I dream of a day when there are no US troops on non-US soil. A day that I can advocate wealth redistribution without fear of a CIA funded coup. A day where the internet represents all of humanity.

"Centuries of privilege" is the kind of idiocy only a sheltered American suburbanite could come up with.

A century ago millions of young white men were too busy dying in trenches and being gassed to death with mustard gas in a war none of them could vote on.

Children worked on the field, in factories, and in coal mines, like their fathers were expected to.

And yes, women stayed home and took care of the kids because without electricity, plumbing, appliances, refrigeration and cheap groceries, that was actually a laborious full time job, and people were poor. Not to mention that getting through child birth and infant mortality was a blessing for both mother and child.

None of them were given opportunities simply by existing. On the other hand, providing scholarships to specific ethnicities, or creating special women-only pathways to entry, that is exactly that.
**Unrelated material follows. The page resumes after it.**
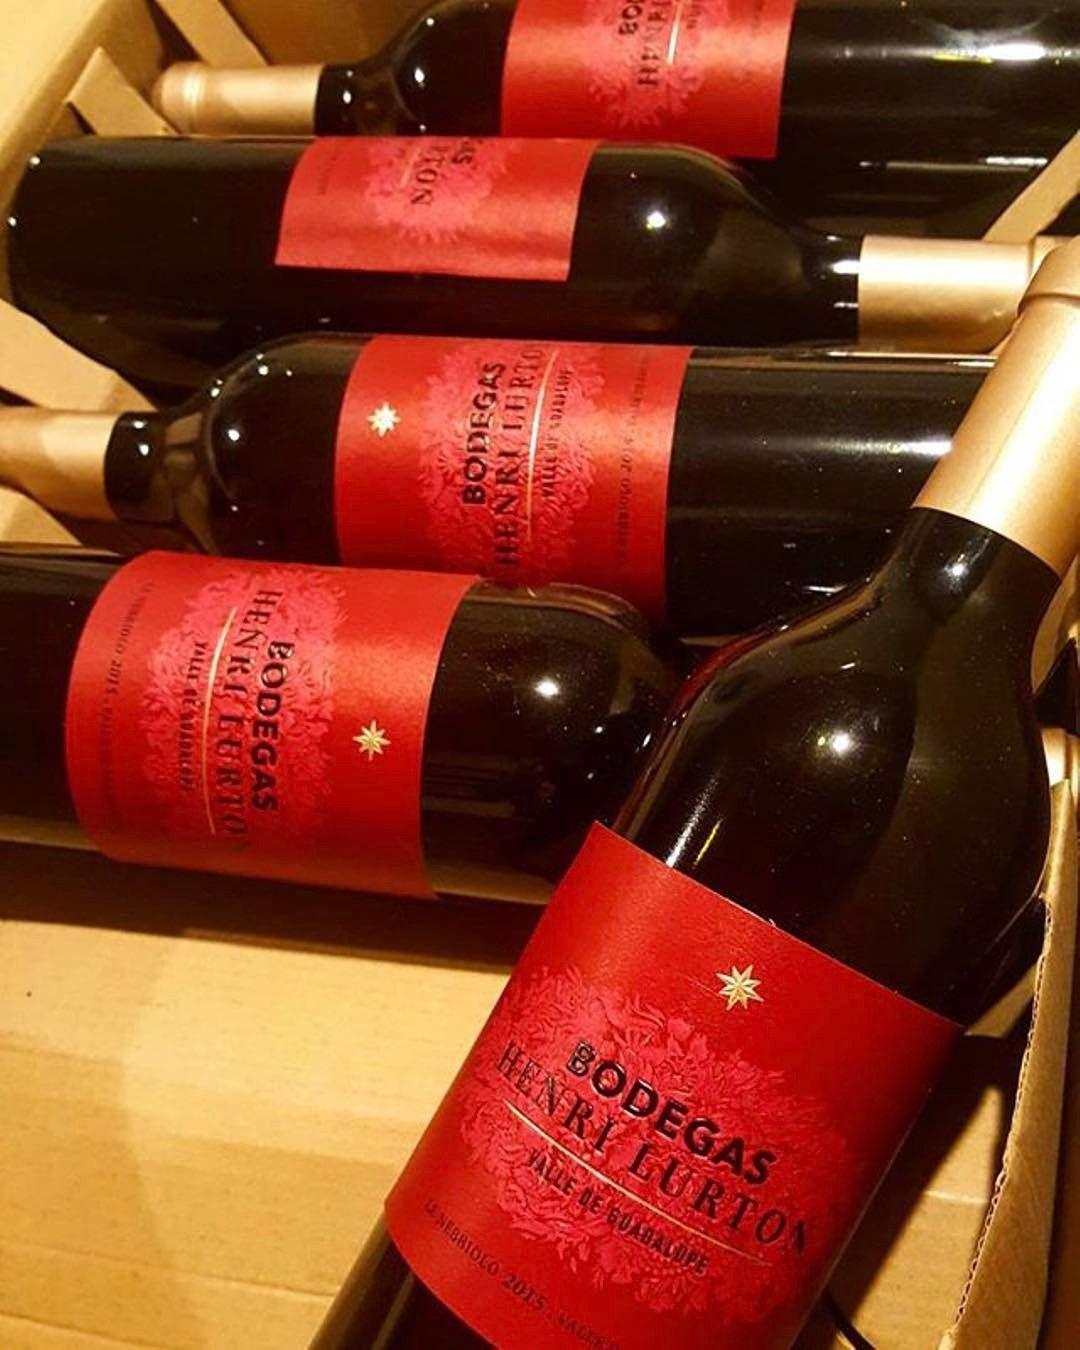 Le Nebbiolo 2015 Medalla De Plata En Mundis Vini Alemania 2017 Merci O Negrete Henrilurton Bordeauxinmexico Wine Bottle Instagram Instagram Posts

What people like Damore have tried to point out is that expecting demographics and sentiment within a field to match the general population, or else the "playing field" is not level, is an unwarranted assumption. It also puts the blame for actually society wide issues on a small group of people who had nothing to do with it.

If you want more black people in tech, start by addressing the way the US school system is stratified entirely by social class. Maybe you'll see a difference, and maybe that IQ gap will shrink. Maybe it won't, and what new "leveling" policies will you want to introduce then? Don't push out or disadvantage others out of misplaced revenge, and don't cite your American tunnel vision as justification.